In the references list I request that for Minor et al all authors are explicitly cited not least as the point made in the amino et al text re access to data for referees is my portion of that paper!
Finally there is the question of what referees should do with their access to data for submitted articles? Whilst there is a clear workflow and traditions for assessment in chemical Crystallography of article with underlying data, both automatic via the checkcif report and overall human scrutiny of data, (http://www.iucr.org/__data/assets/pdf_file/0003/80274/AL_Data_Validation.pdf) this is not so clear in general (https://arxiv.org/abs/1704.02236) or for MX in particular (https://arxiv.org/abs/1704.08848).
Greetings,
John
Emeritus Professor John R Helliwell DSc
Author: Gaetano Montelione
Date: 06 Jul, 2017
Author: Mark Parsons
Date: 06 Jul, 2017
This is a valuable work, but I don’t think it is reasonable to call it an RDA output yet. It is much more clearly a West-Life output that was influenced by RDA activity. Even some of the comments in this RFC don’t come from RDA members and are entered by proxy. RDA is not in the practice of endorsing project deliverables.
That said, it seems like it could easily become an RDA output: just socialize it more within RDA, respond to the comments above, and demonstrate a broader and truly international acceptance beyond the West-Life project.
Author: Christine Zardecki
Date: 18 Jul, 2017
Thank you for sharing this document with us.
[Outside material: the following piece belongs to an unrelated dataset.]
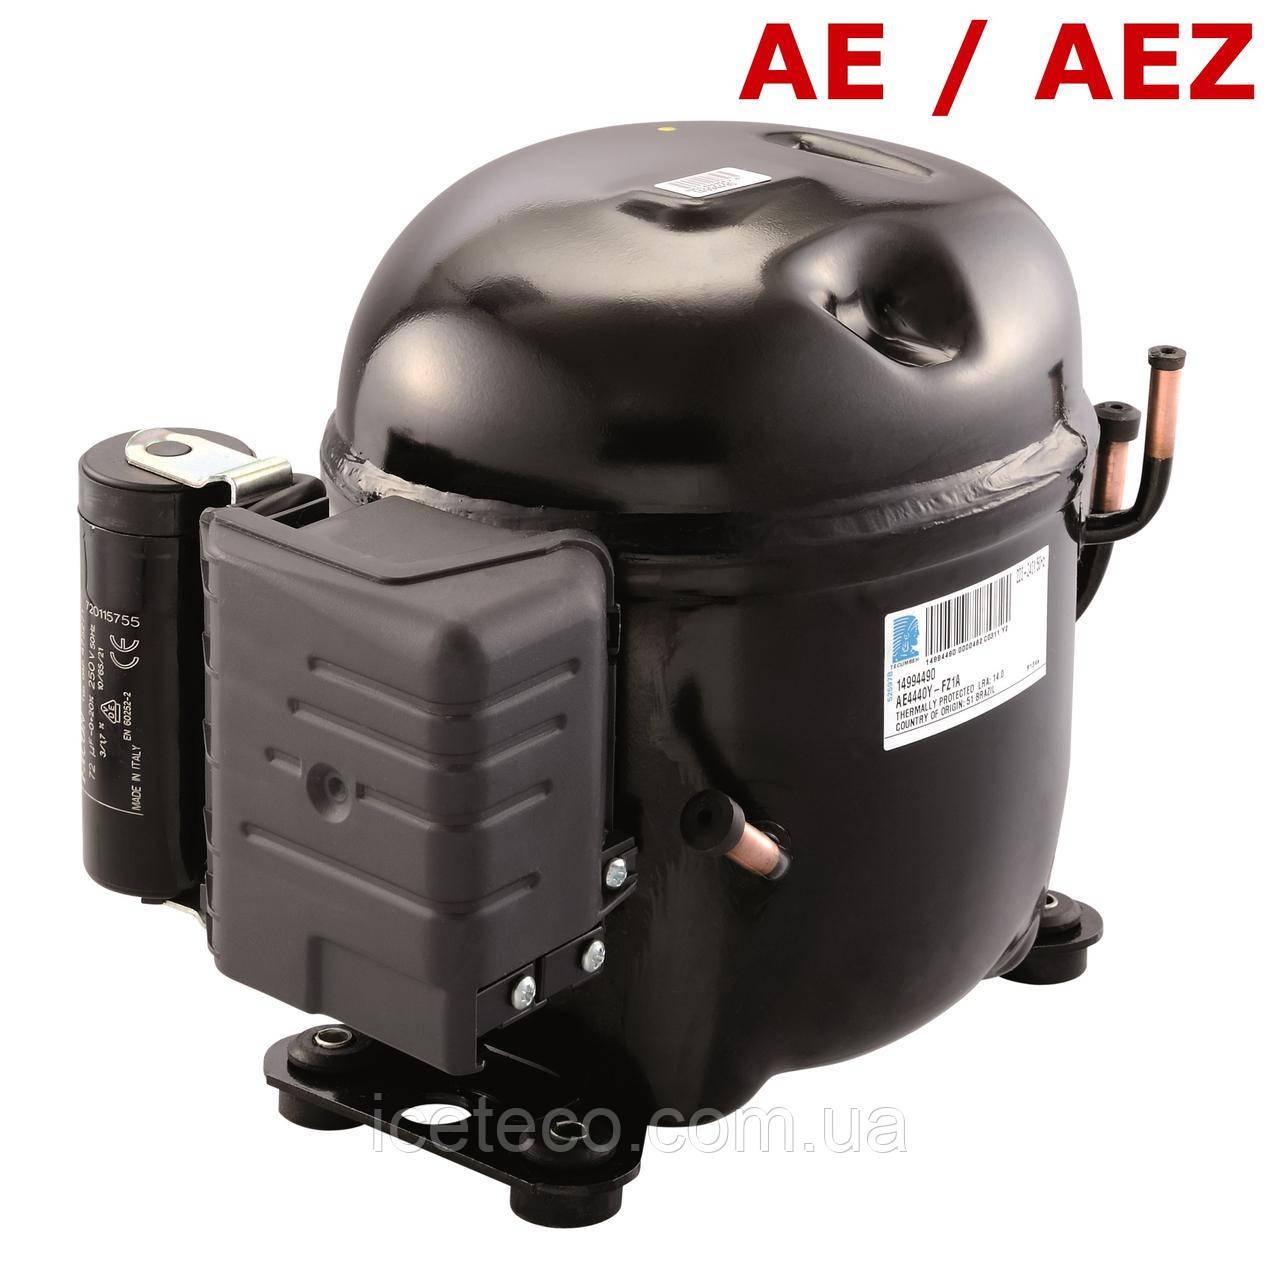 Герметичный поршневой компрессор AE4450Z Tecumseh

A few comments below:
In the Introduction, the number listed is the number released to the public, and not the number of entries deposited. Both numbers are listed by year at https://www.wwpdb.org/stats/deposition
In section 5, the number of data downloads in 2015 is 534,339,871.
At the end of section 2 (data processing), there is some discussion of publication standards, data standards
and validation standards which would be better placed in Section 4 (preserving and access).
Section 4 could acknowledge the value added by the repositories in managing data during the life cycle. The PDB and other repositories are active in developing, maintaining and promoting community data content and quality standards; supporting tools for data harvesting; integrating content with other resources; maintaining reference data; and delivering a single archive.
In Section 6, please note that marking structures as obsolete does not delete the data. Obsolete entries remain available to the public through the ftp archive in order to preserve these data as part of the historical scientific record.
The data that is deleted or unaccounted in this life cycle are those data that do not result in a successful structural outcome. It is this collection of data that may have some future value that is currently lost to the community.
In the Appendix, we believe the estimated number of 25,000 experimental sessions performed each year is an underestimate. ~1 out of 10 synchrotron crystal diffraction data sets leads to a publishable structure submitted in the PDB.
In the References, please cite the wwPDB using Nature Structural Biology 10, 980 (2003) doi: 10.1038/nsb1203-980.
Author: Chris Morris
Date: 22 Aug, 2017
Thanks to all for the comments above, report now updated.